++++ Input data ++++
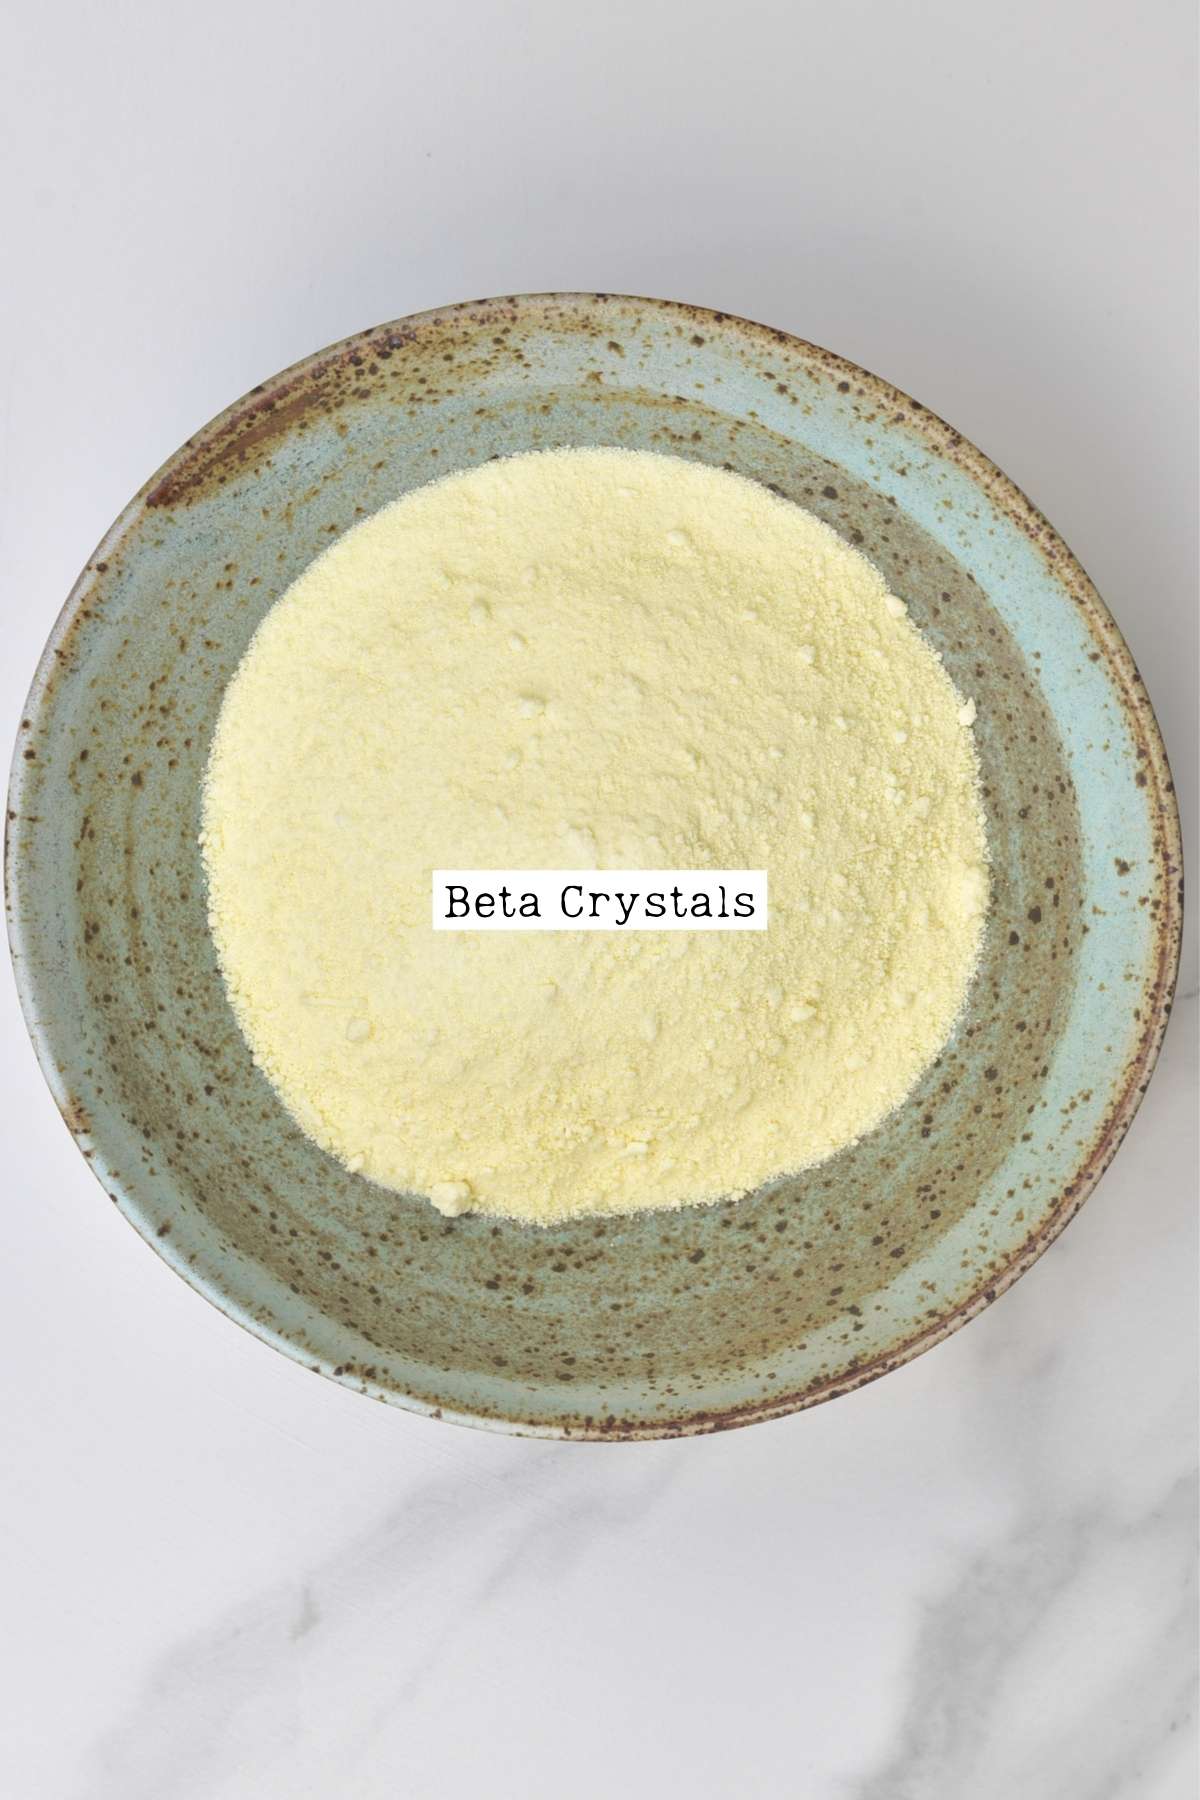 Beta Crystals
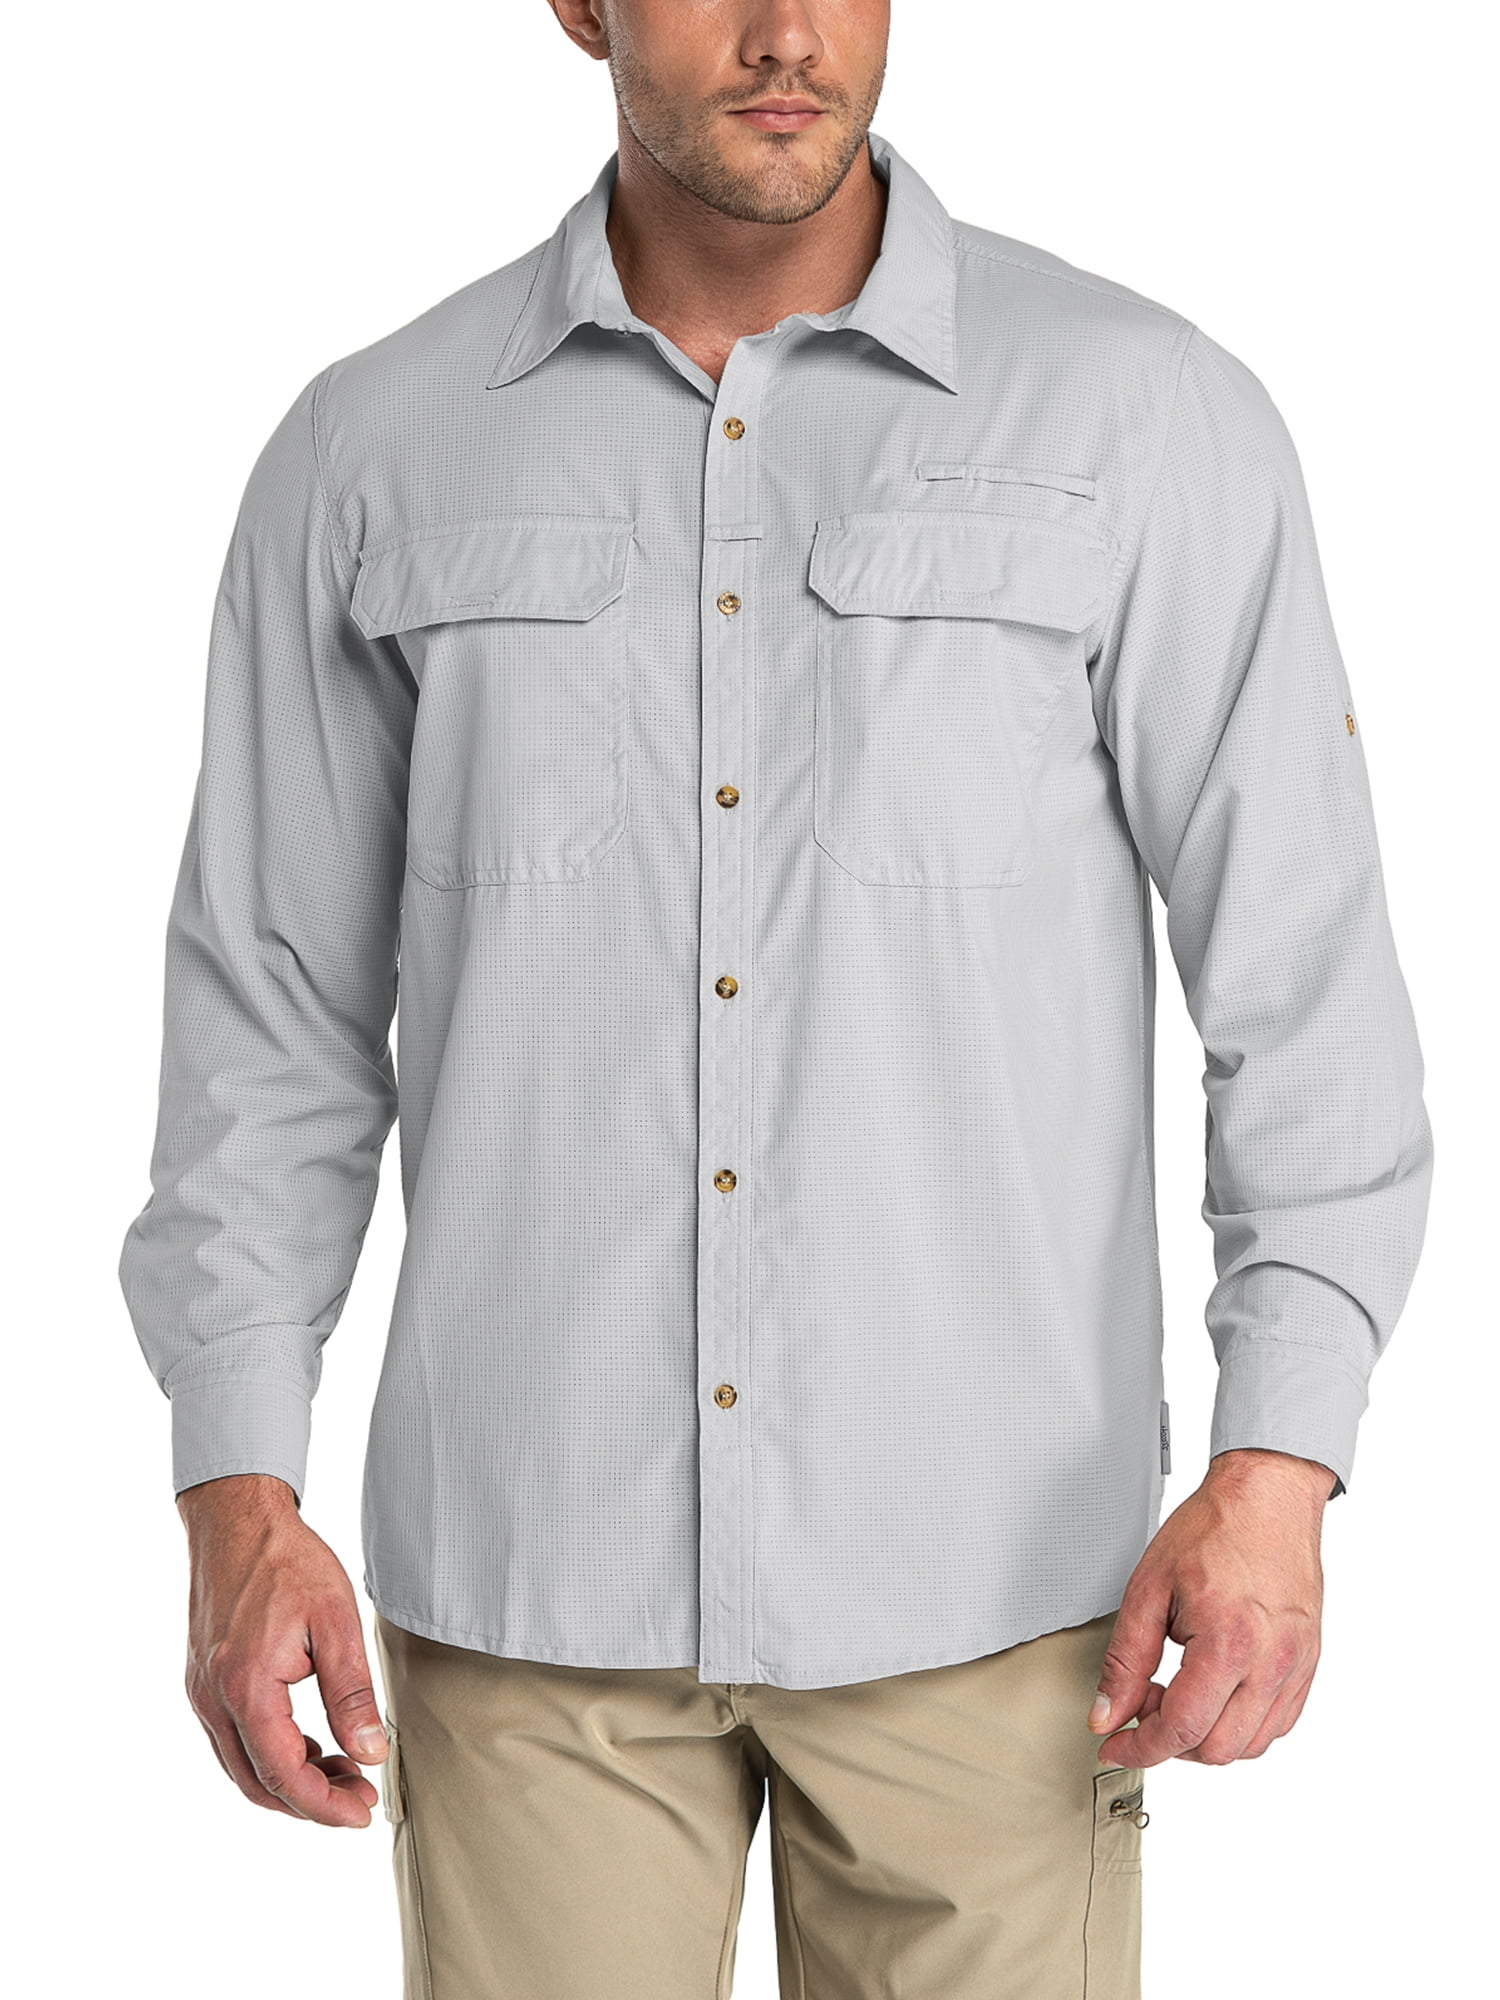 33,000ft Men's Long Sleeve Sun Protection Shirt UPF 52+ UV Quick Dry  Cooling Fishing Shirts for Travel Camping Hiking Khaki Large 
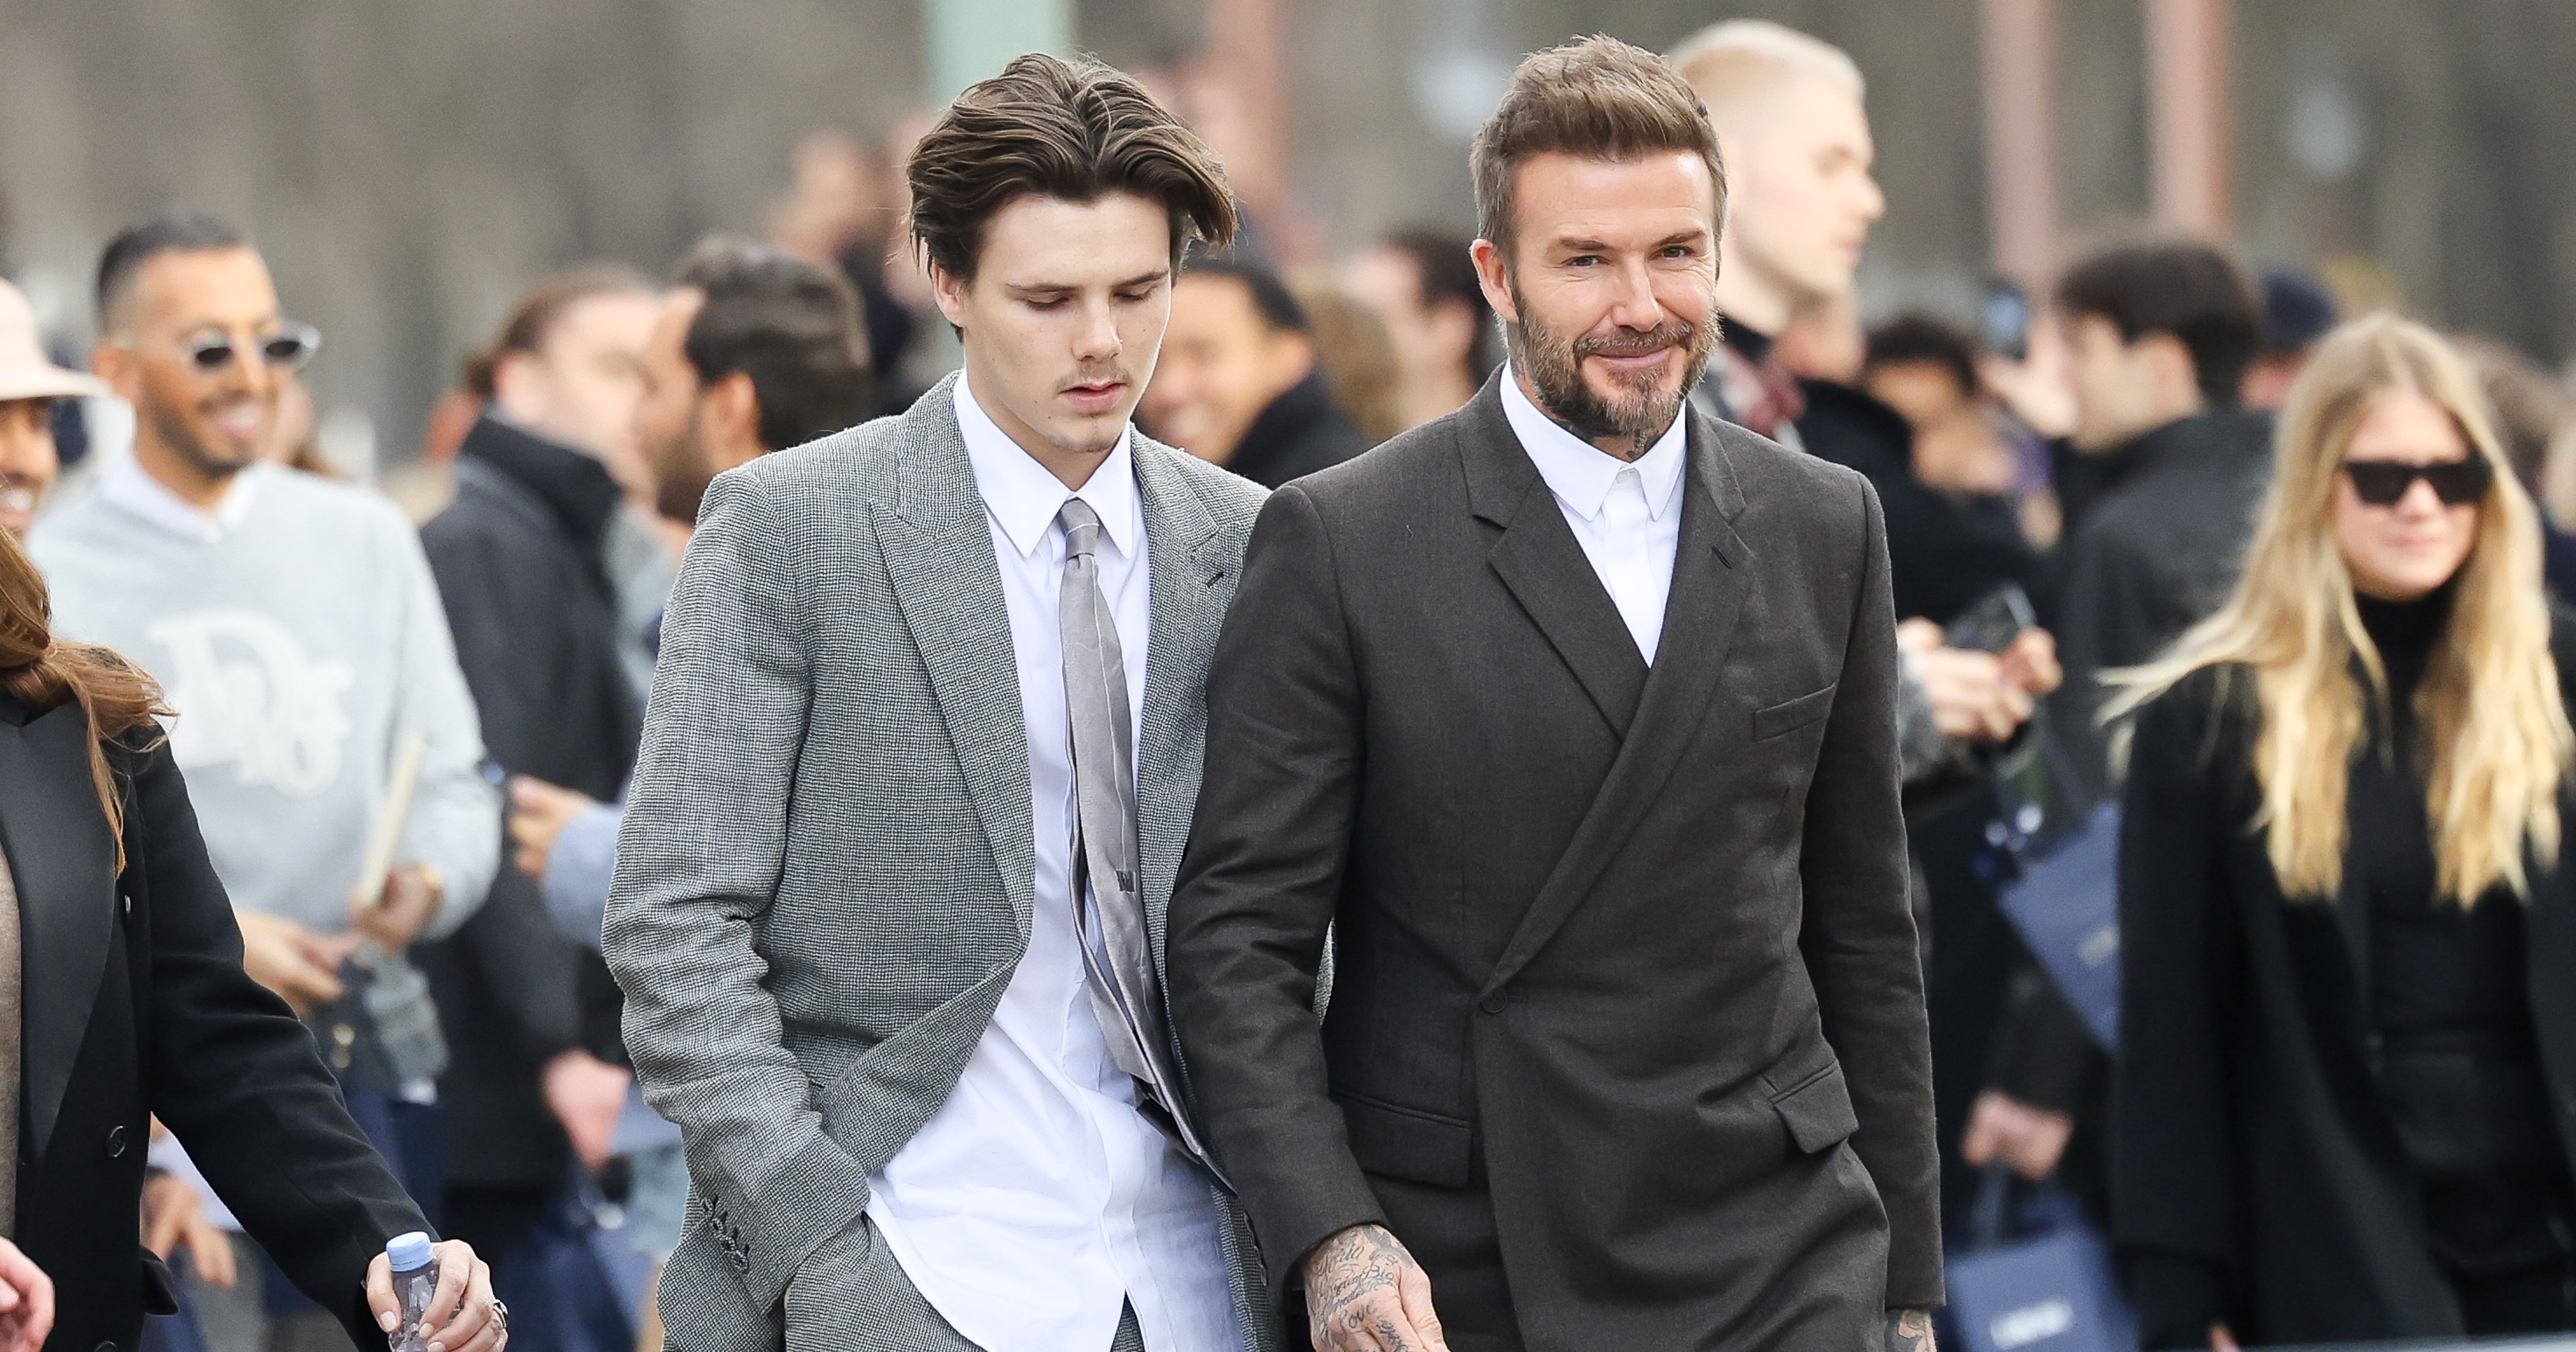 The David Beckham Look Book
++++
Your objective: Write out all of the data above exactly, pictures excluded.

Finished task:
 Beta Crystals
 33,000ft Men's Long Sleeve Sun Protection Shirt UPF 52+ UV Quick Dry  Cooling Fishing Shirts for Travel Camping Hiking Khaki Large 
 The David Beckham Look Book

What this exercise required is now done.